Good point, but I don't think Paul was confused about this. When he put the Galatians on trial, Exhibit A was Old Testament typology. As Warren Gage observes, how many modern evangelicals would accept an argument from typology to prove a doctrine? For Paul, it was a concrete argument.

J. R. Schuiling  Wednesday, November 04, 2009 2:43 pm
Is Peter categorically distinguishing typology and prophecy? And are there chimeras of a sort? Say, the "sign of Jonah"?
J. R. Schuiling  Wednesday, November 04, 2009 2:51 pm
RE: Michael

Paul establishes his point in the Epistle to the Galatians doctrinally before appealing to the type. Even then his "typology" is firmly grounded in the reality of the historical circumstances.
Douglas Wilson  Wednesday, November 04, 2009 3:33 pm
Michael, sorry. I was probably being too coy. I am not arguing against using typology authoritatively -- I am in favor of that. My argument is that many who are attracted to typology today treat it as a form of entertainment or lit crit. But if discipline from real pastors were to be applied on the basis of typology, much of typology's current fan base would run back to mama, which is to say, a strict historical/grammatical hermeneutic.
Matthew N. Petersen  Thursday, November 05, 2009 2:18 am
Pr. Wilson,



But isn't that partially because the things we find in typology are just less authoritative? We wouldn't want to excommunicate someone for not believing in double election, even if we think a good historical/grammatical hermeneutic establishes it; but we would excommunicate someone for rejecting Nicea.
Eric Stampher  Thursday, November 05, 2009 11:48 am
So many here say the OT dudes could not have known they were looking at types, or if those "first events" had given them the inkling that they were spying a shadow of something more substantial, well they just had to be stuck out in left field. But then there's Apollos, practically seeing most of faces on the pages, just not able to put names to them.
Jeff Moss  Friday, November 06, 2009 2:55 am
Or a young woman is disciplined for joining the Marines, and the reason given is that we are not to boil a kid in its mother's milk?

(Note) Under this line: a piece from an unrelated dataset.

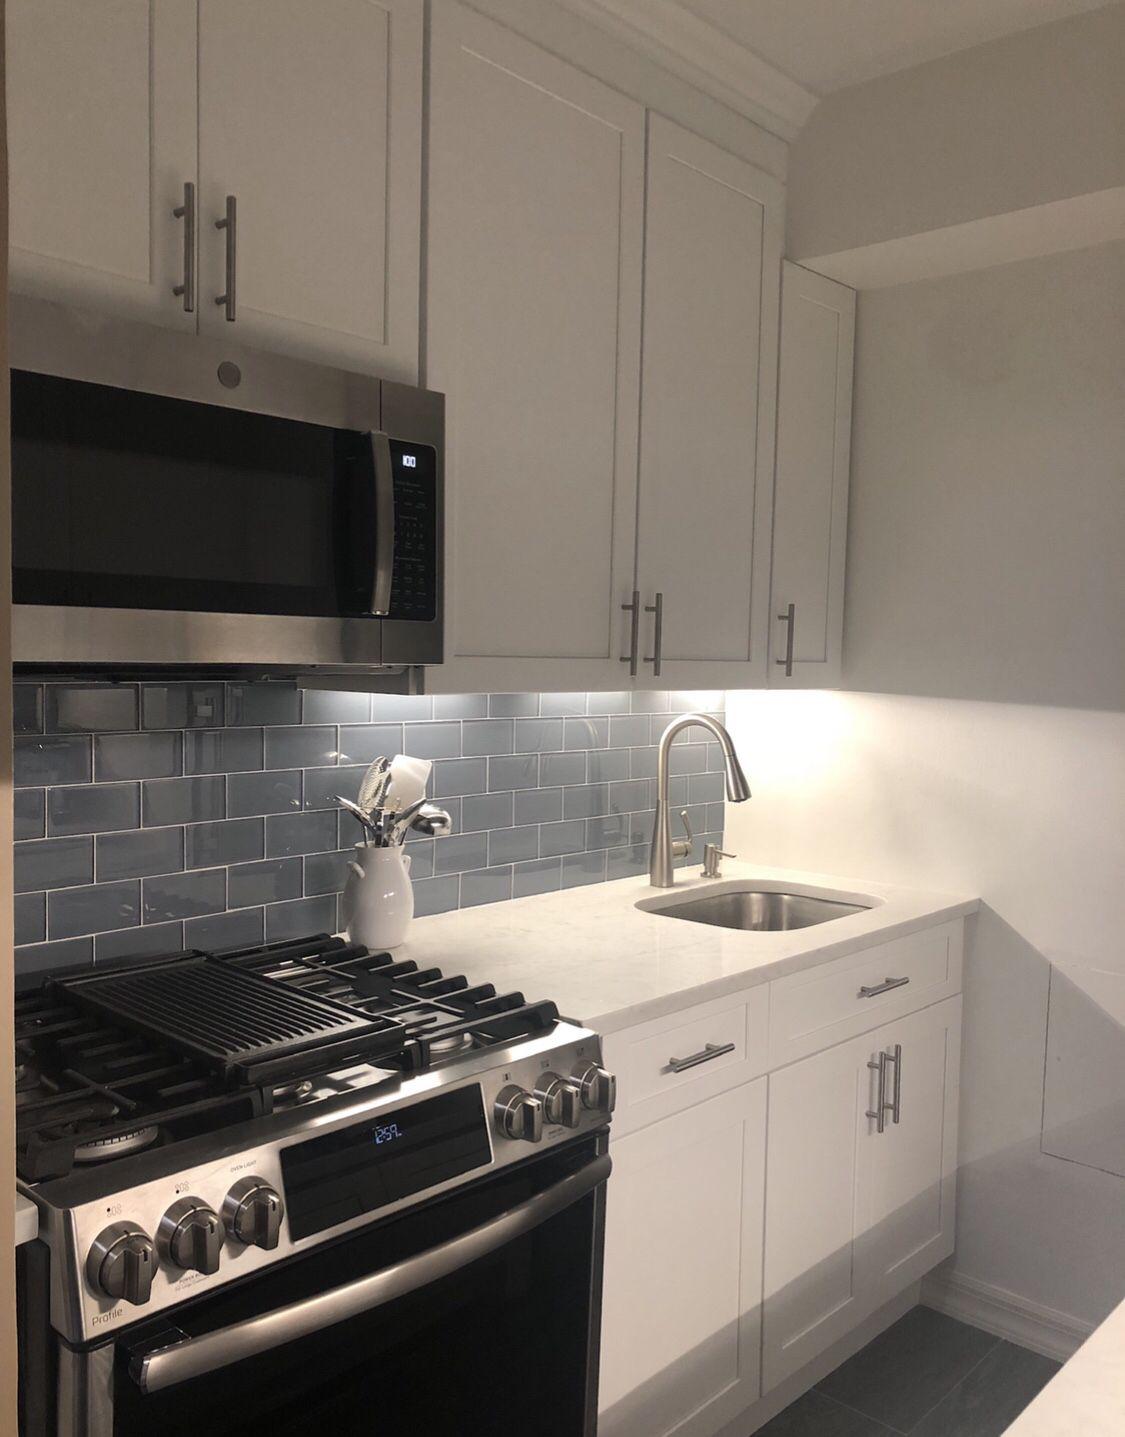 Upper East Side Manhattan Kitchen Remodel Using Fabuwood Galaxy

Well, at the very least this church is obligated to publicly explain its doctrine of the magisterium. Presumably the young woman in question doesn't interpret Deut. 14:21 that way, right? How many Protestant churches have a well-formulated theological argument for the elders' interpretation of Scripture being more authoritative than individual members' interpretation? The issue here is not so much whether typology is authoritative, as what authority the church has to interpret and then enforce it.

Xon Hostetter  Saturday, November 07, 2009 1:10 am
Quick question for anyone who knows. Does Leithart interact with Jonathan Edwards' view of typology at all in the book?
Xon Hostetter  Saturday, November 07, 2009 1:12 am
Oh, and AdamR, it's like Augustine's famous line, right?



The Old Testament is the New Testament concealed, and the New Testament is the Old Testament revealed.